The link between your gut and your hormones is one that many people are not aware of. Let’s start with the pathway that your body uses to clear out estrogen, when all systems are functioning optimally:

  1. Estrogen is first sent to the liver where it is deactivated

  2. It then passes into bile to be excreted into the intestines.

  3. Estrogen ideally stays inactivated, where it then exits the body though the stool.

When the gut microbiome is out of balance, certain bacteria which are now termed the “estrobolome” produce an enzyme called beta-glucuronidase that reactivates estrogen so that it goes back into circulation. Similarly, if you are chronically constipated estrogen is not being eliminated very effectively and is also being reabsorbed. Both of these situations create an excessive load of estrogen.

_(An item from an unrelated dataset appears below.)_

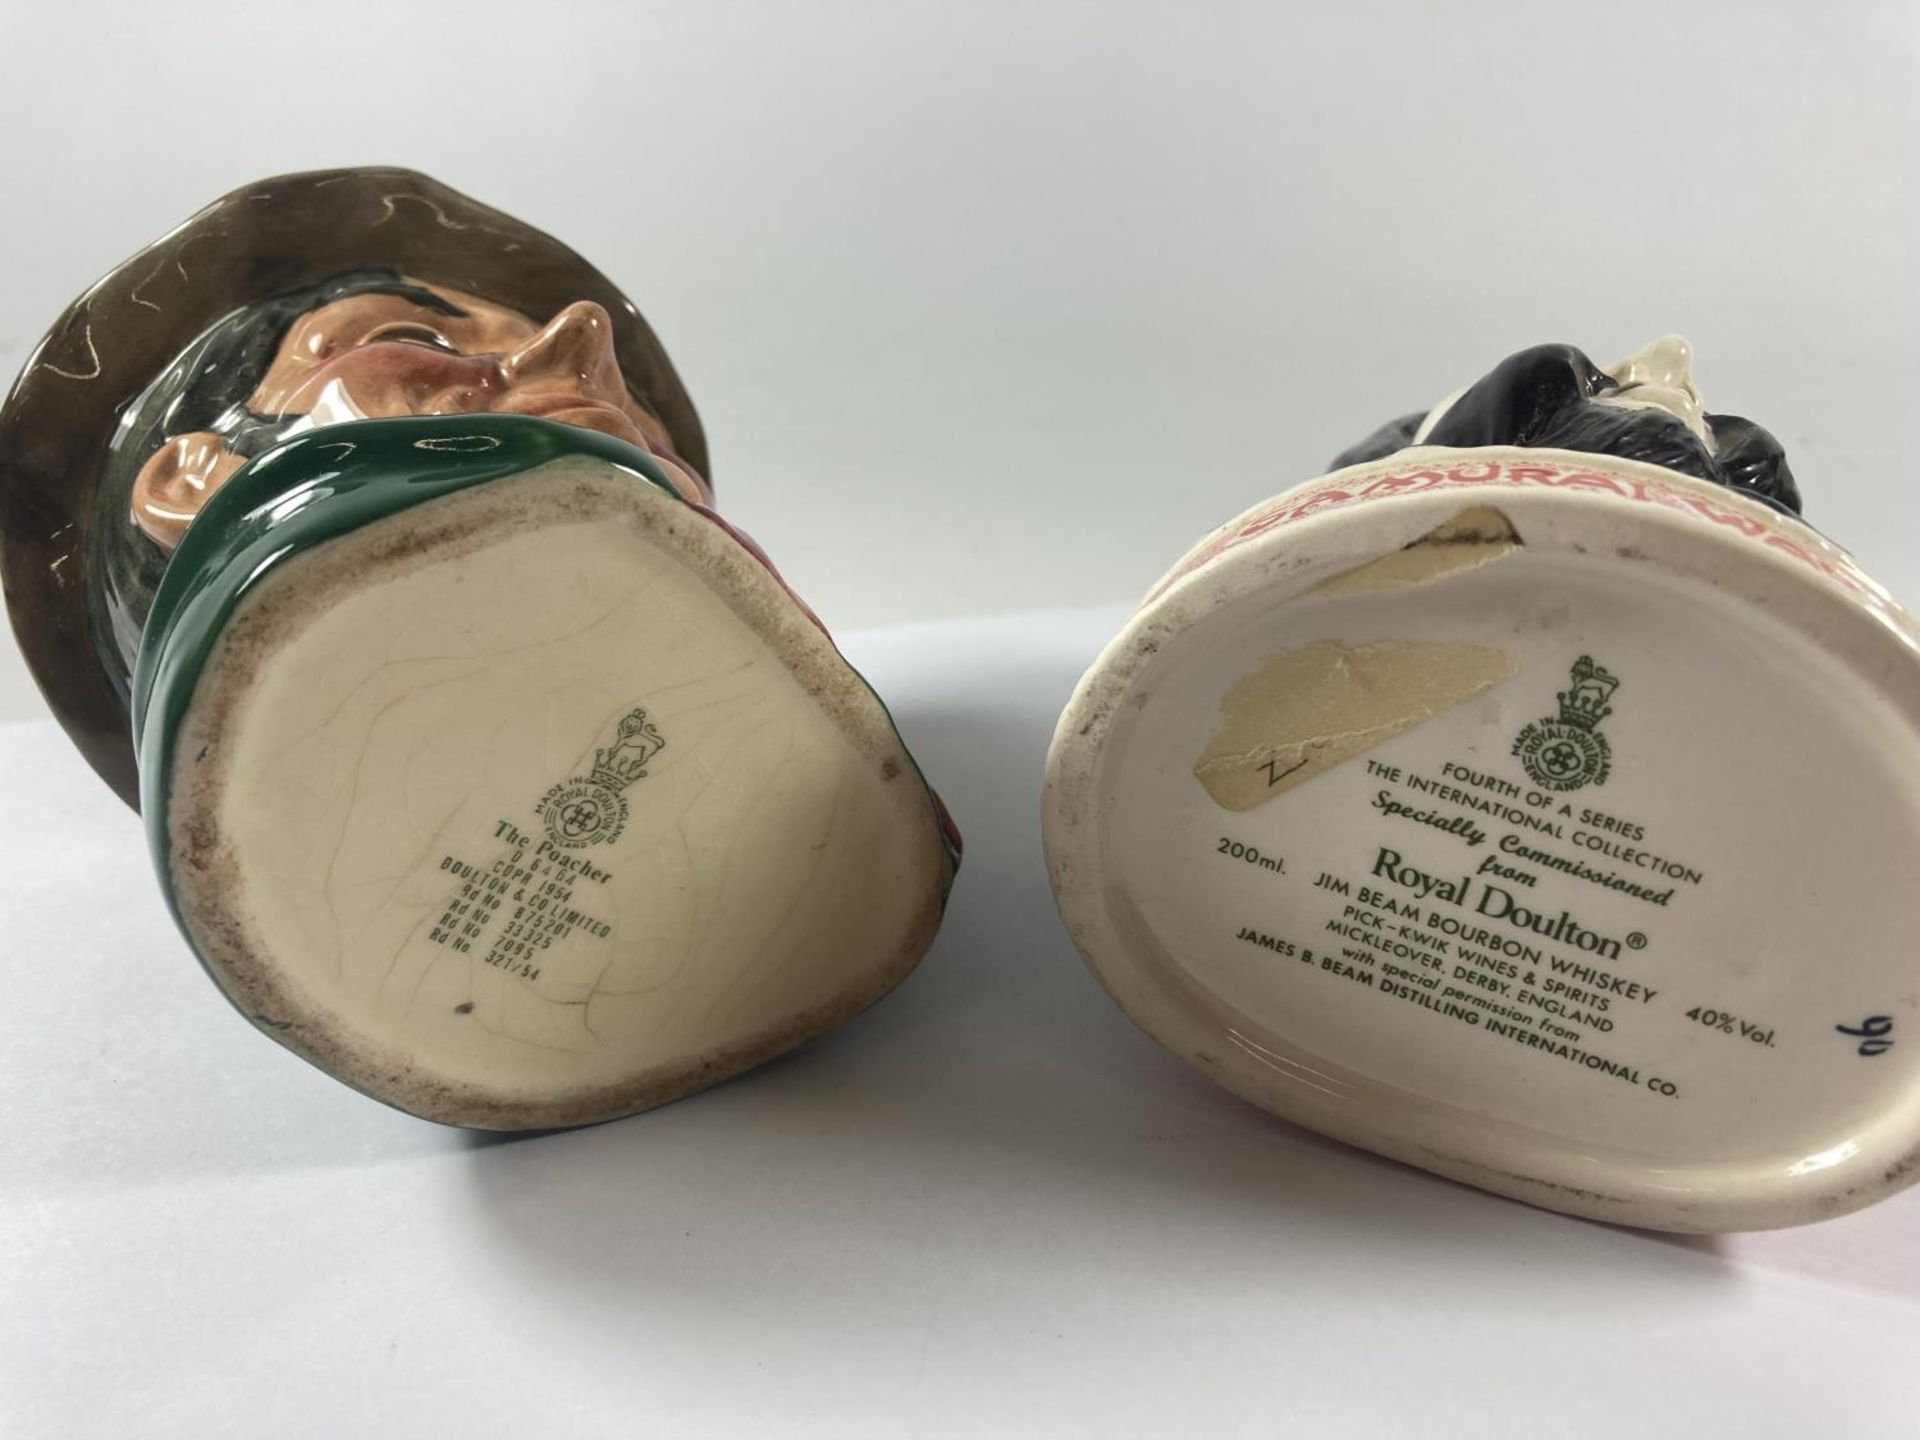 TWO ROYAL DOULTON WHISKY DECANTERS - Image 6 of 6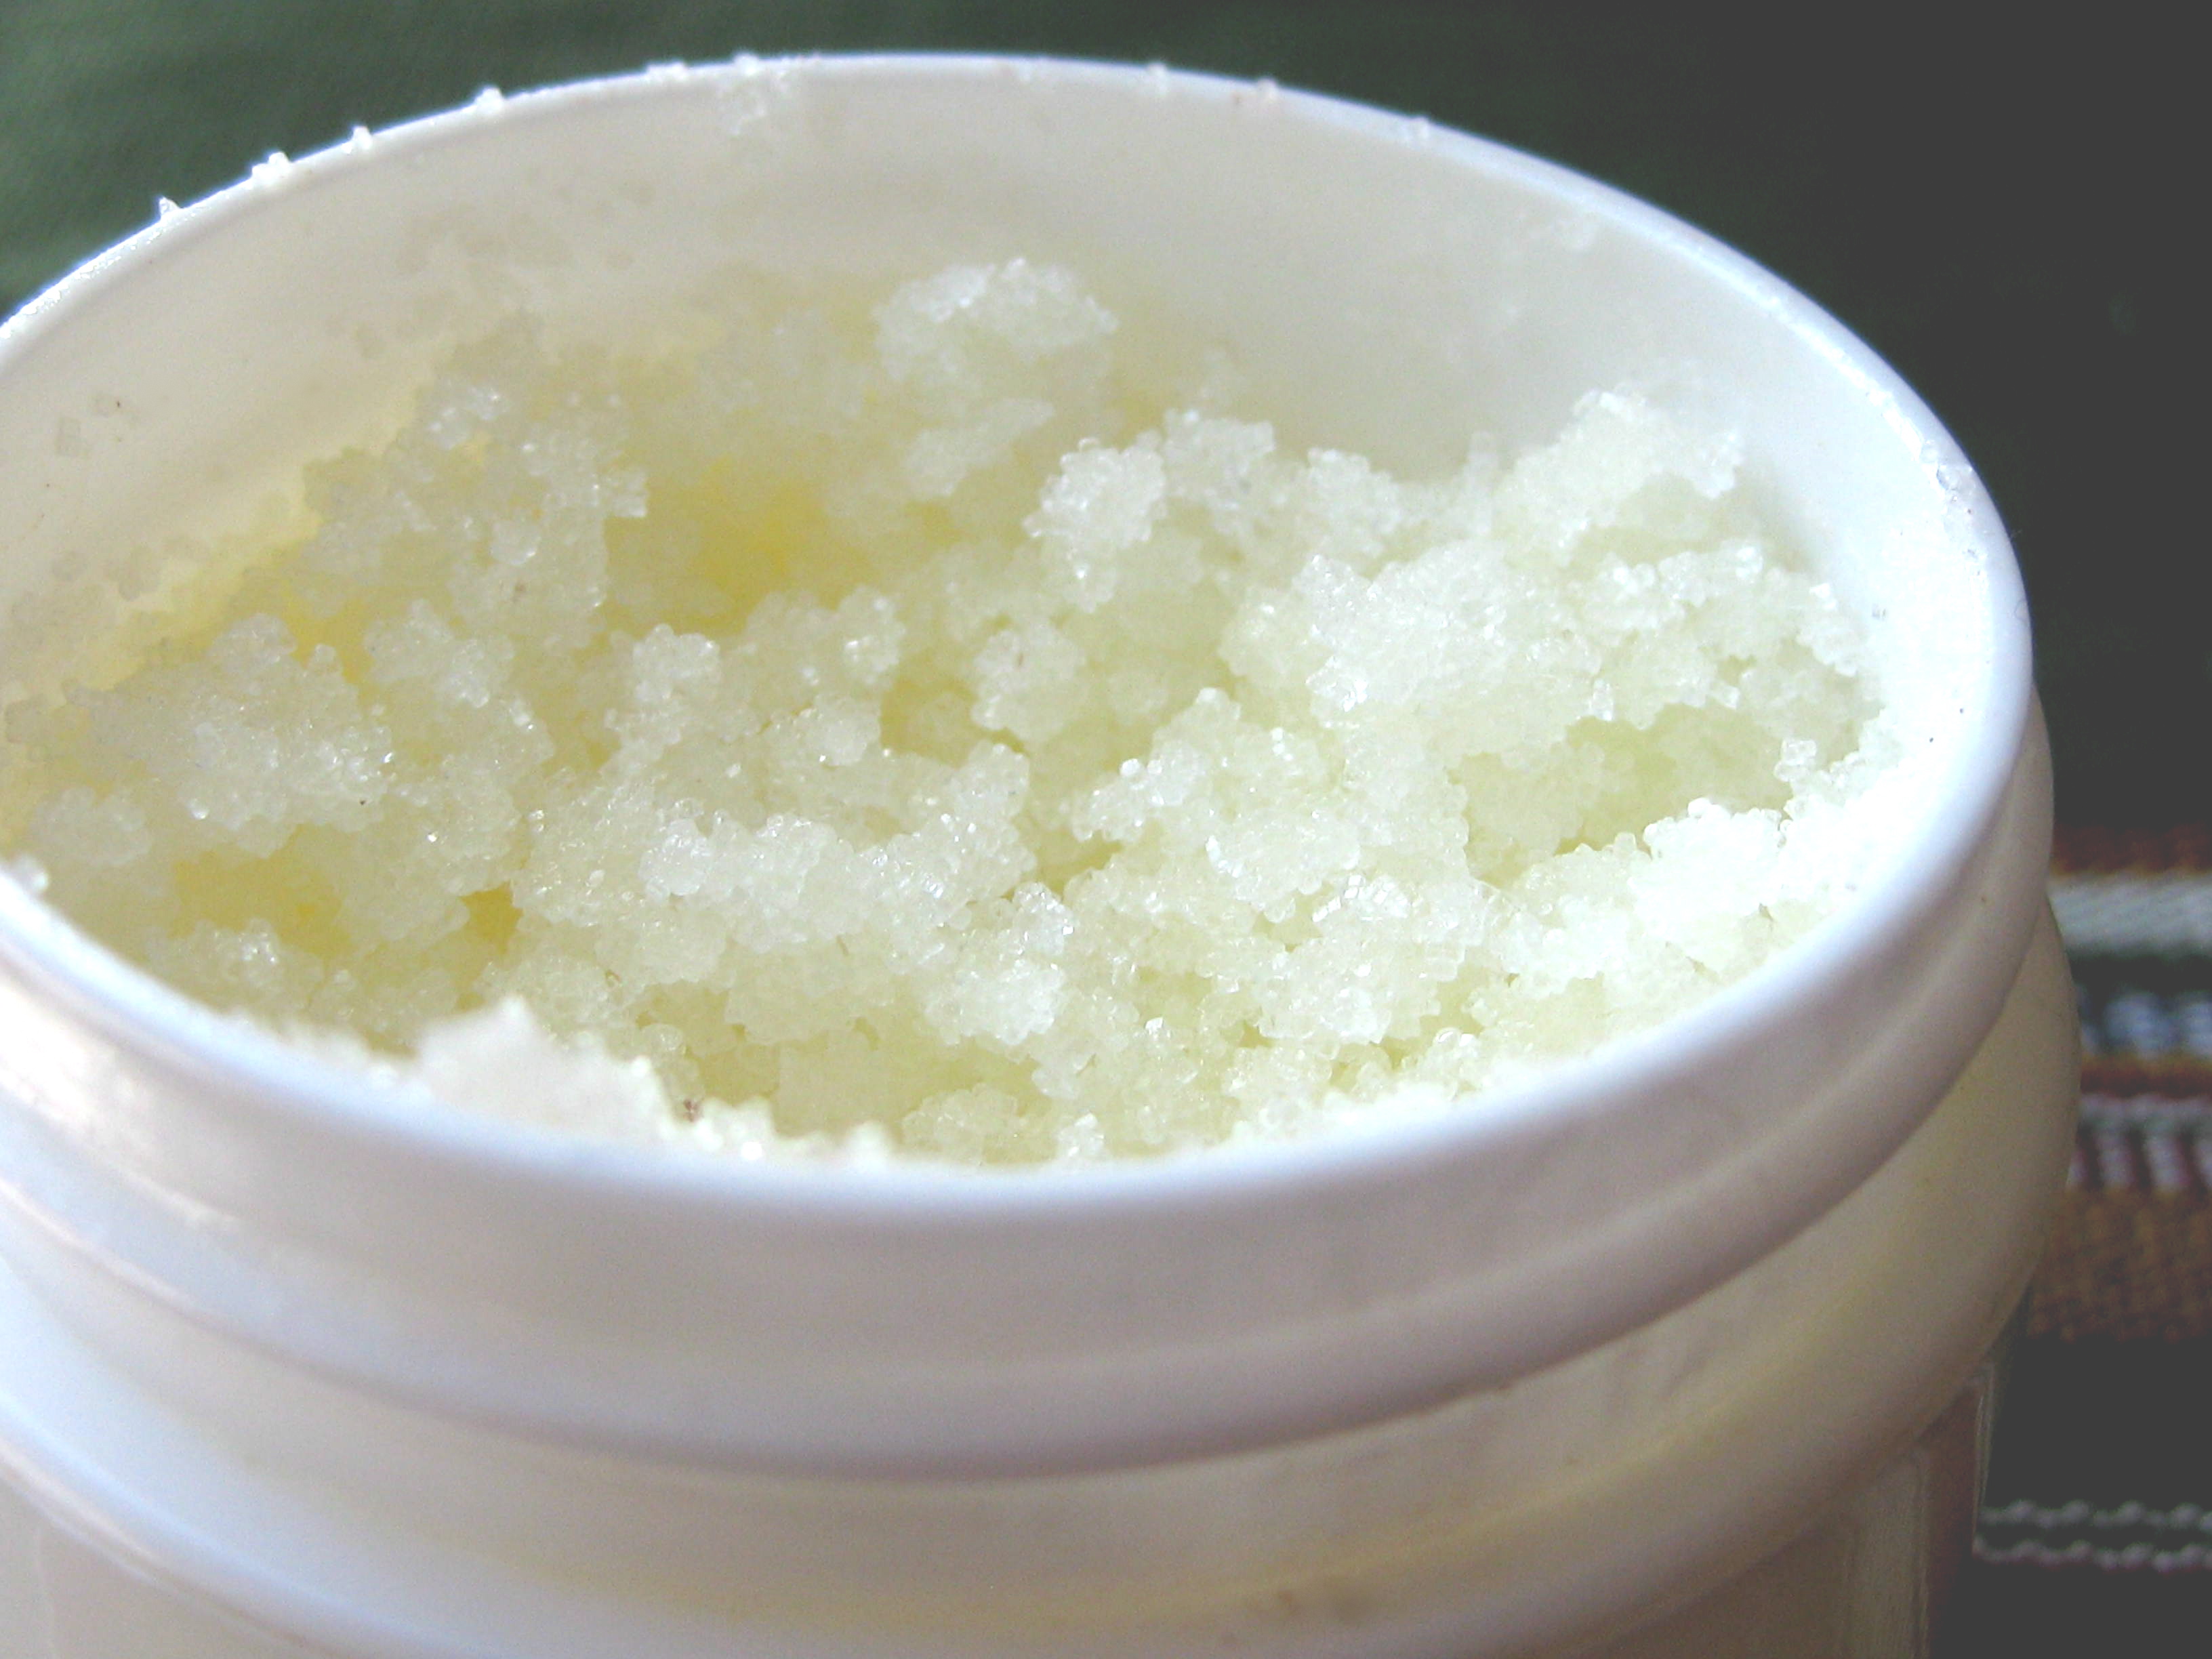 Lemon and sugar face scrub for skin discolorations

When estrogen is out of balance, and specifically being recirculated, we end up with an excess of estrogen, also called estrogen dominance that can cause many symptoms of hormone imbalance: heavy periods, painful periods, difficult PMS, breast tenderness, bloating and weight gain. It can also contribute to the long-term risk of conditions such as uterine fibroids and breast cancer.

Steps you can take to balance your estrogen through the gut:

  1. Eat more vegetables and increase fibre intake: Fibre from vegetables especially helps to create a healthy microbiome, and reduce beta-glucuronidase activity.

  2. Reduce sugar and alcohol, both of which negatively affect your microbiome and how you clear out estrogen.

  3. Take a probiotic: Even simple probiotics such as Lactobacillus acidophilus can improve your estrogen metabolism by decreasing the activity of beta-glucuronidase.

  4. Get help with clearing out the ‘bad bugs’– yeast, bacteria and parasites. With the right nutrition plan, anti-microbial supplements and a good probiotic we can very easily restore balance to the gut microbiome in a way that can profoundly help your hormone balance.

Focusing on the gut is  the number one treatment for PMS mood swings, breast tenderness, bloating, food cravings. Rebalancing the gut microbiome, especially clearing yeast, adding fibre can make a phenomenal difference.

What’s Next?

If you would like to really understand your hormone balance, and get to the root cause we begin by assessing each of these three categories: nutrition and blood sugar balance, stress levels, and gut health. It is remarkable how the body will bring hormones into balance when you treat the underlying cause. Hormones are truly my passion, and understanding how everything interconnects to create balance in mood, energy, motivation, fertility and outlook is a gratifying process with amazing results.